Another reason for the lack of angiogenic capacity is the resistance of SECs to angiogenic inducers. This is indicated by the impaired angiogenic response of primary cerebromicrovascular ECs to exogenous VEGF in aged rats [119]. In addition, force microscopy suggests that SECs have diminished migratory capacity, as evidenced by the tendency of SECs to be static and firmly adherent to the substrate [56]. In terms of exogenous factors, an obvious contribution is that SECs reduce the production of the angiogenesis inducer VEGF [120], thus impairing the direct promotion of angiogenesis. Since NO is located downstream of VEGF-induced angiogenesis [121], impaired bioavailability of endothelial-derived NO also disrupts the dynamic balance between angiogenesis and vessel regression, thereby promoting microvascular rarefaction [122].

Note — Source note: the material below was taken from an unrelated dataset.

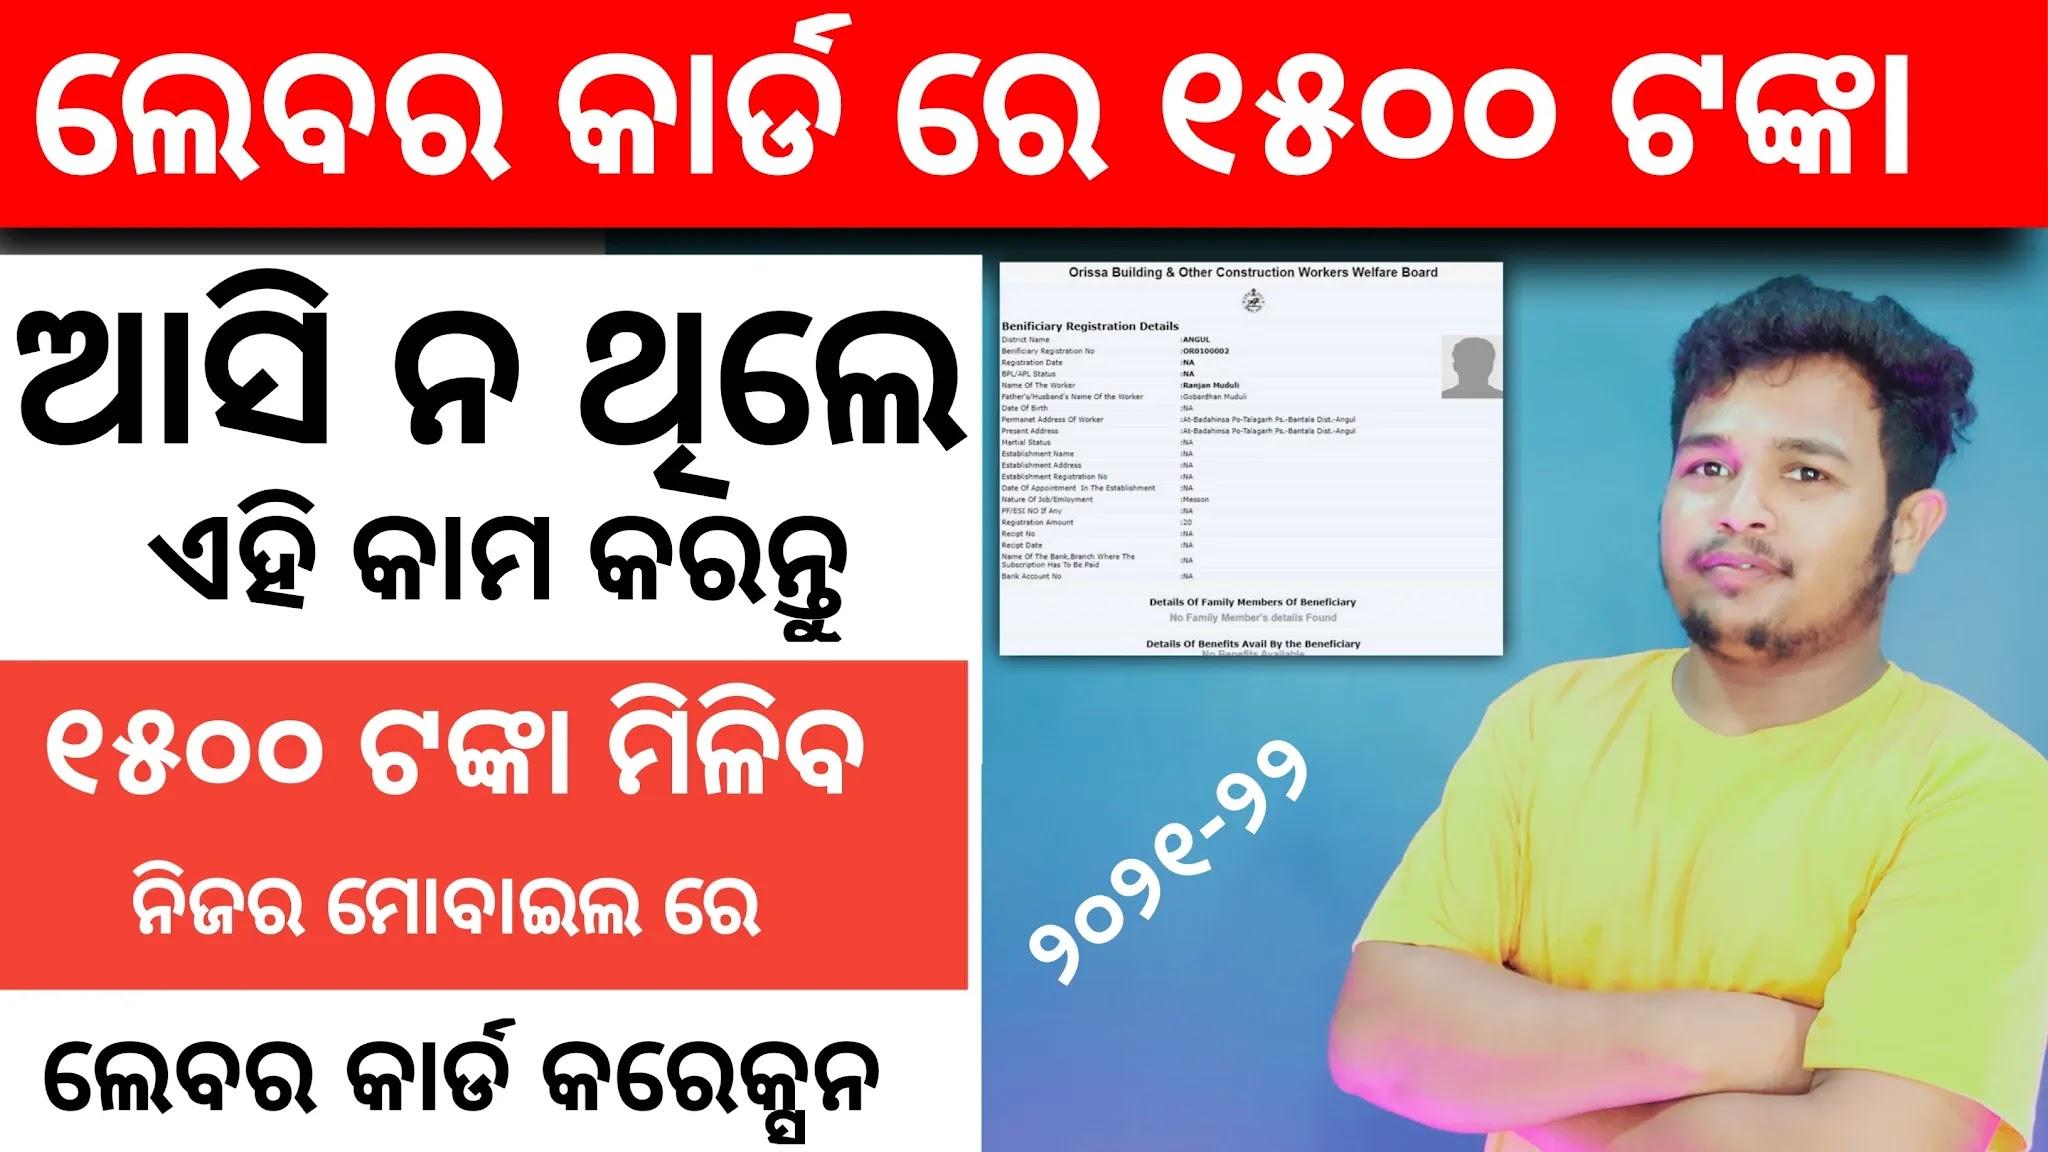 labour card money status odisha

As NPDR lesions progress, retinal microvascular rarefaction and occlusion worsen, accompanied by a decrease in vascular perfusion density [123, 124]. Microaneurysms, which refer to vessel outpouching and leakage, are characteristic tissue lesions during the NPDR period [3]. Early studies suggest that endothelial senescence is involved in the development of microaneurysms [125]. In regions of capillary nonperfusion, pericyte loss and capillary endothelial damage contribute greatly to microaneurysm formation, with the former widely recognized as a central factor [126, 127]. During this process, dysfunction of SECs and spreading of SASP impair pericyte survival and recruitment, resulting in reduced pericyte coverage. Given that pericytes mediate leukocyte extravasation, pericyte loss may contribute to intralumenal accumulation of leukocytes [127]. This, together with pro-inflammatory SASP, exacerbates endothelial damage. At the BM level, the loss of vascular cells reduces BM synthesis, while increased MMP-9 levels in pro-inflammatory SASP disrupt the BM during the later stages of microaneurysm formation [60, 128]. These changes render the vessel wall weak and fragile, making it predispose to dilation and leakage under high capillary hydrostatic pressure [126].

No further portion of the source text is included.